■ **Listed records**
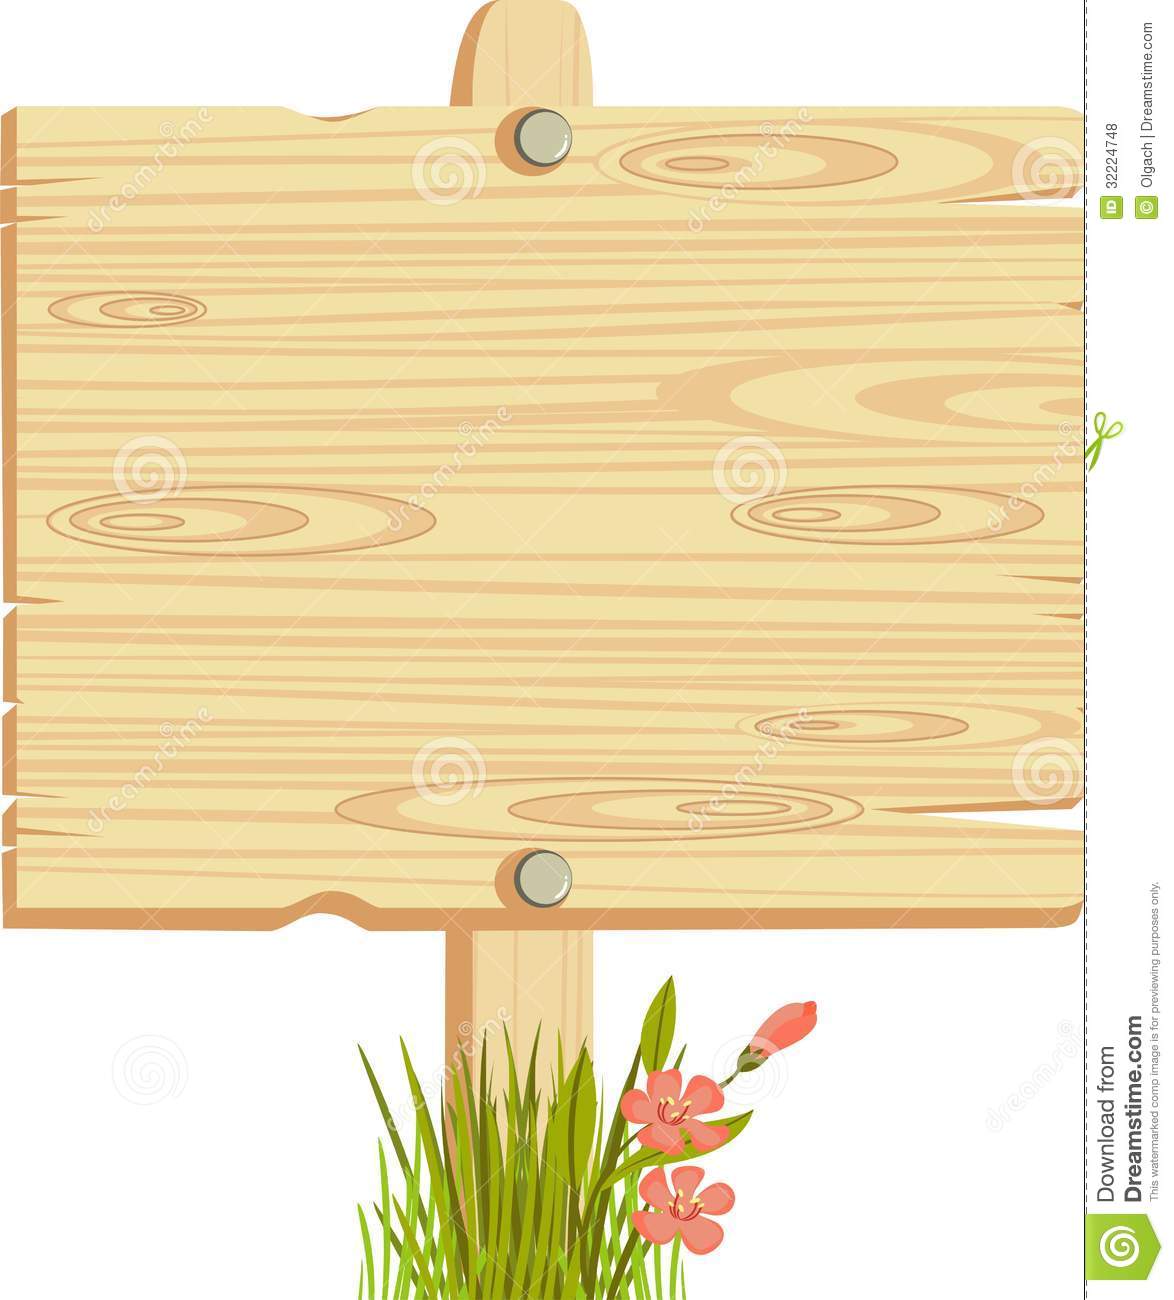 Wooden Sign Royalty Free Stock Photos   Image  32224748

---

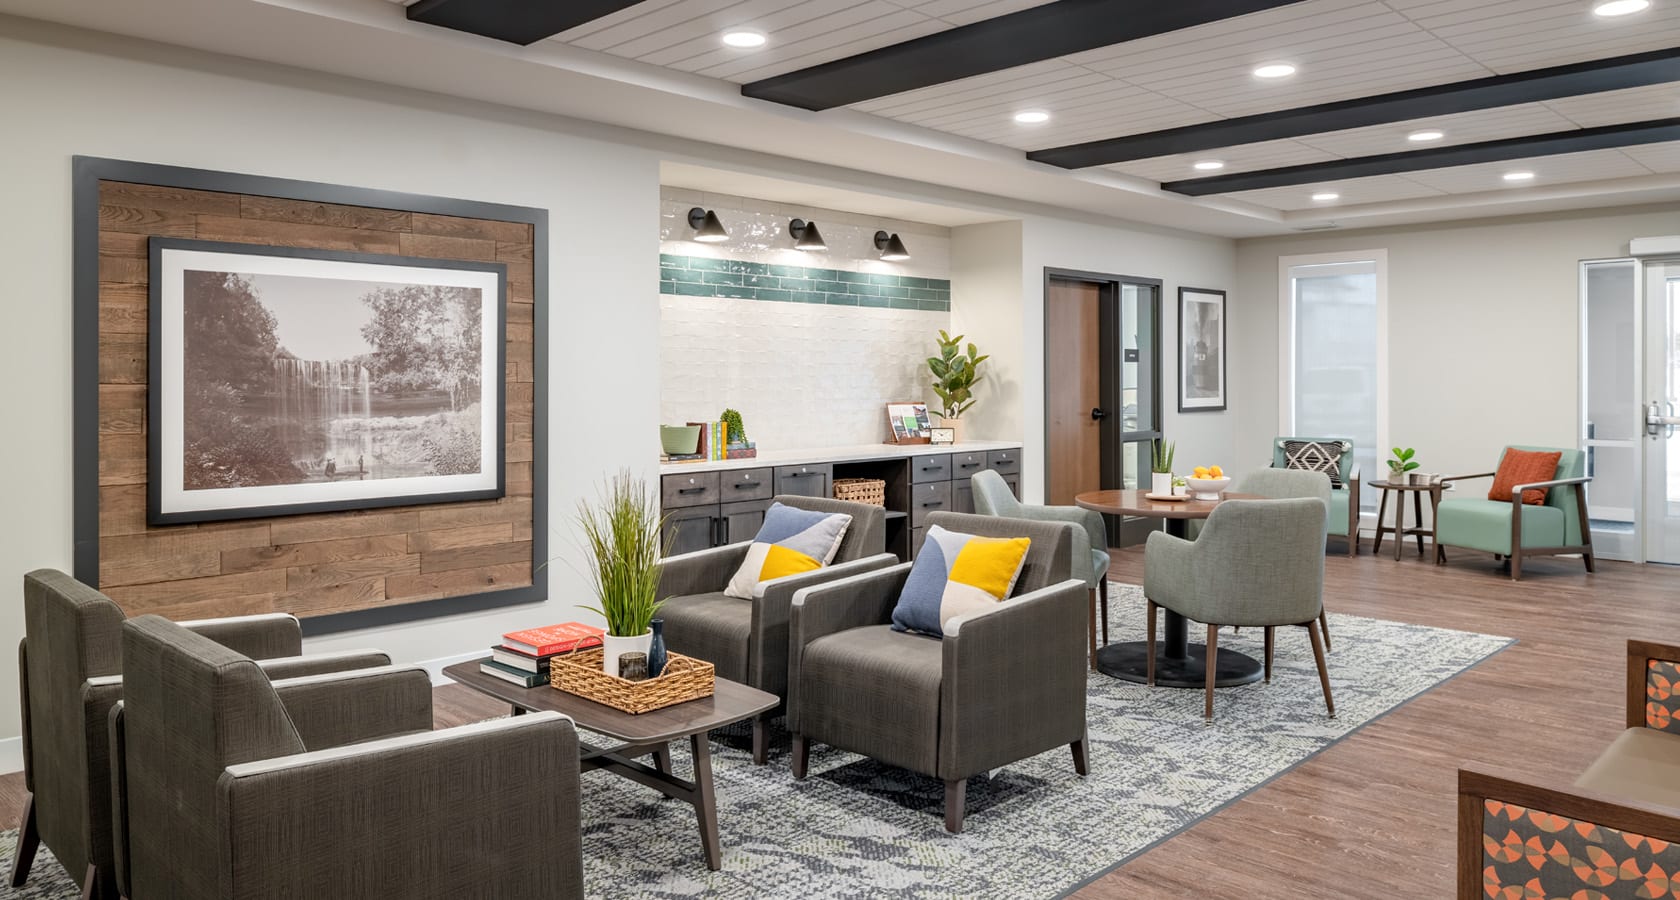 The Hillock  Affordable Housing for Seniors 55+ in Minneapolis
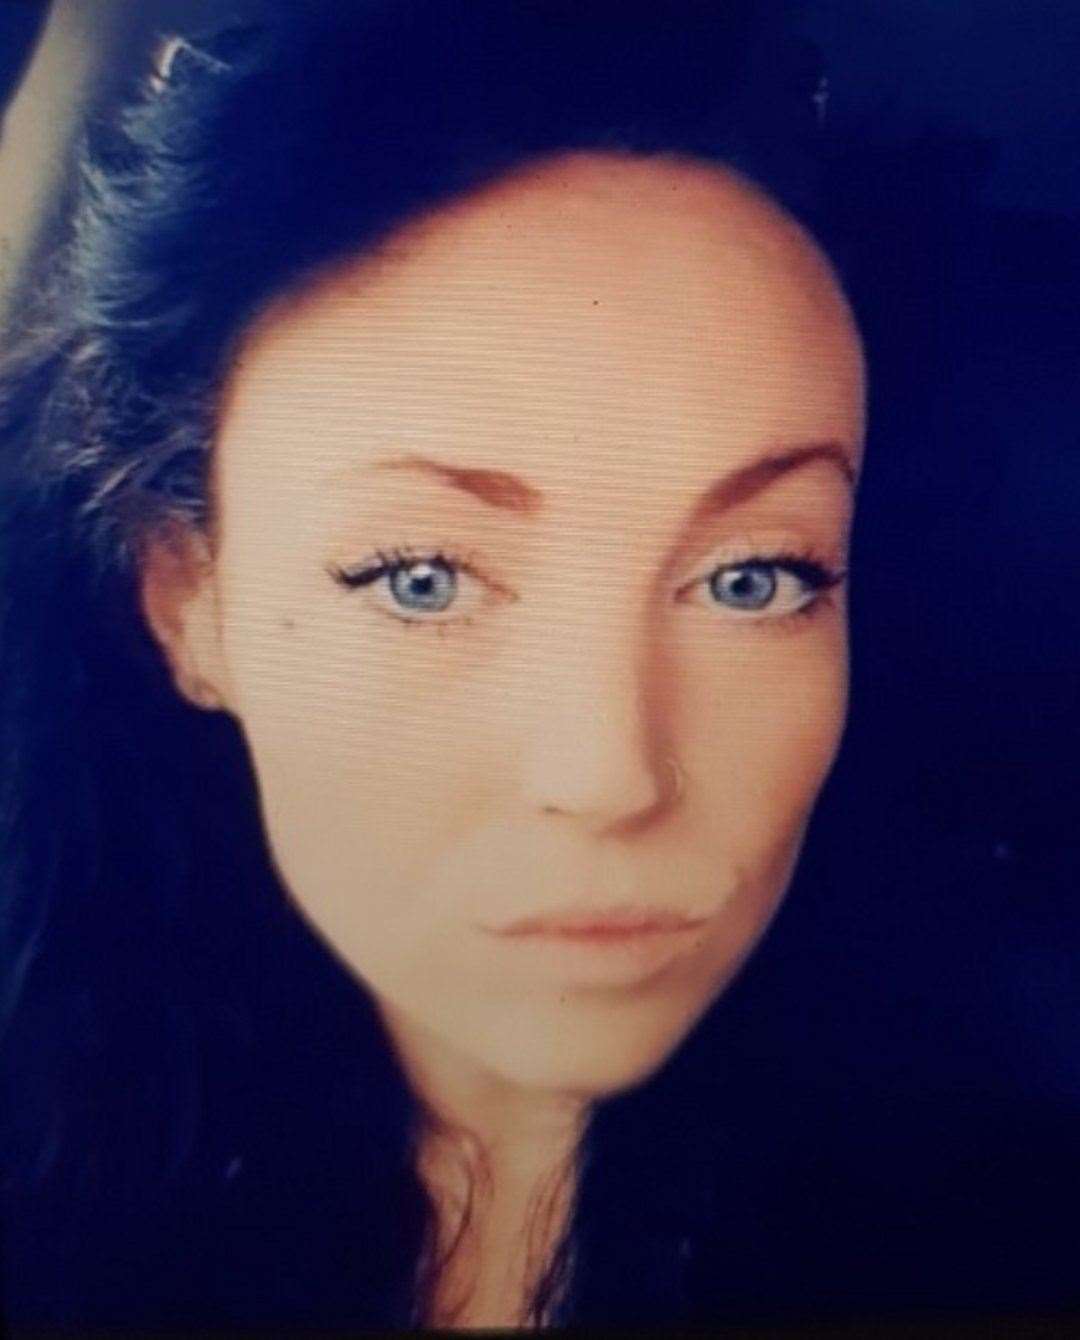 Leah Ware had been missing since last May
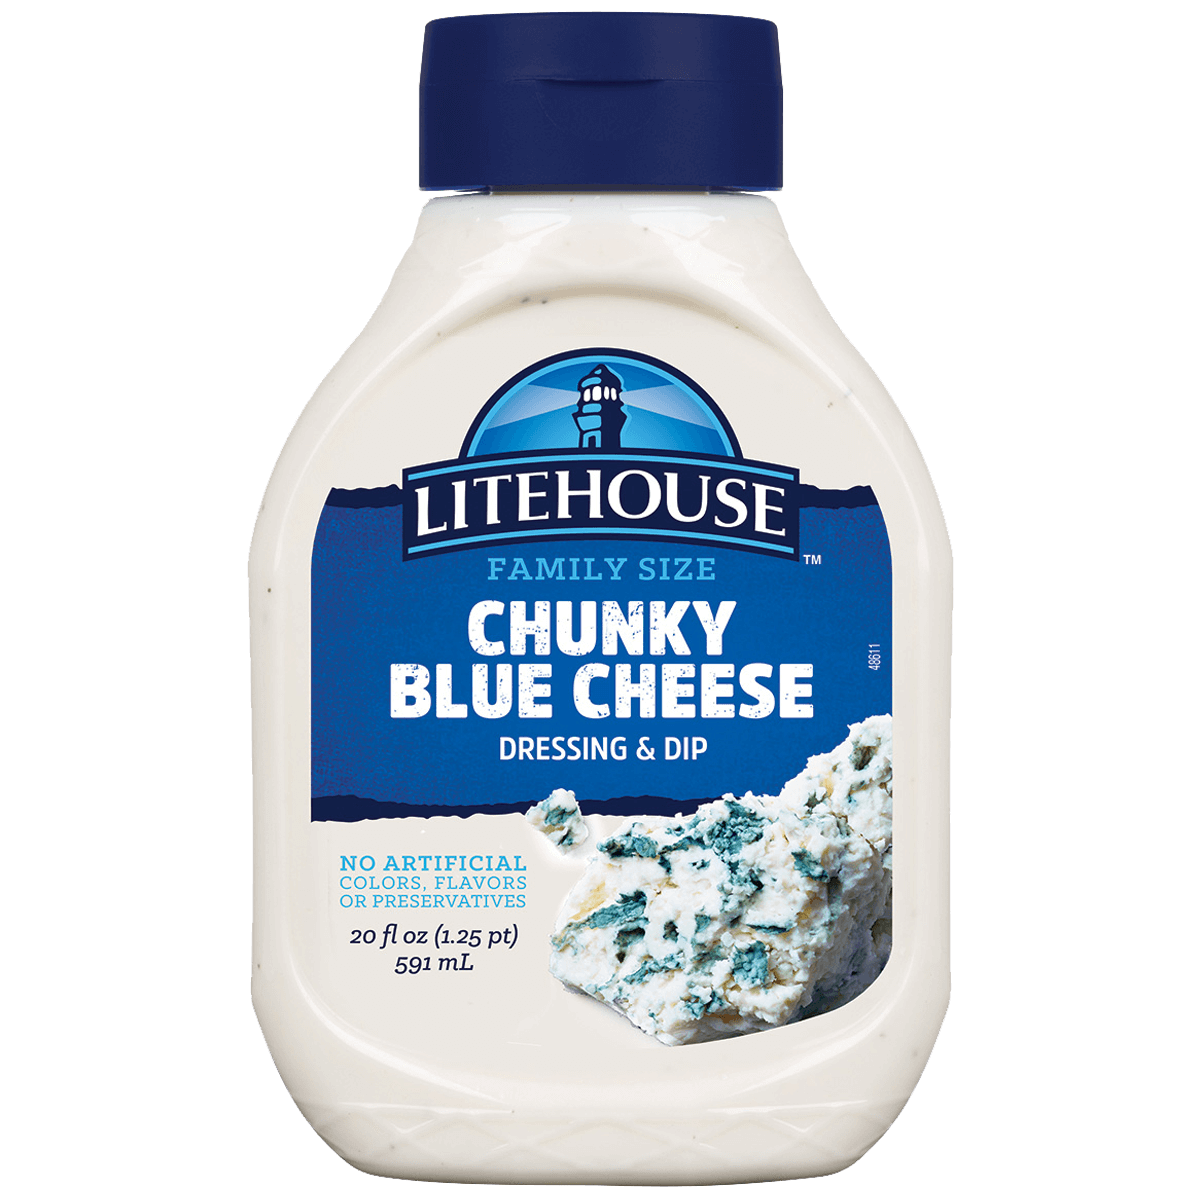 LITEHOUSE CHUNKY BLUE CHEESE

■ **What the exercise asks**
In the entries above, find the line containing "55+ in Minneapolis" and the line containing "LITEHOUSE CHUNKY BLUE CHEESE", then copy both and every line between them exactly, without any picture.

■ **Written answer**
 The Hillock  Affordable Housing for Seniors 55+ in Minneapolis
 Leah Ware had been missing since last May
 LITEHOUSE CHUNKY BLUE CHEESE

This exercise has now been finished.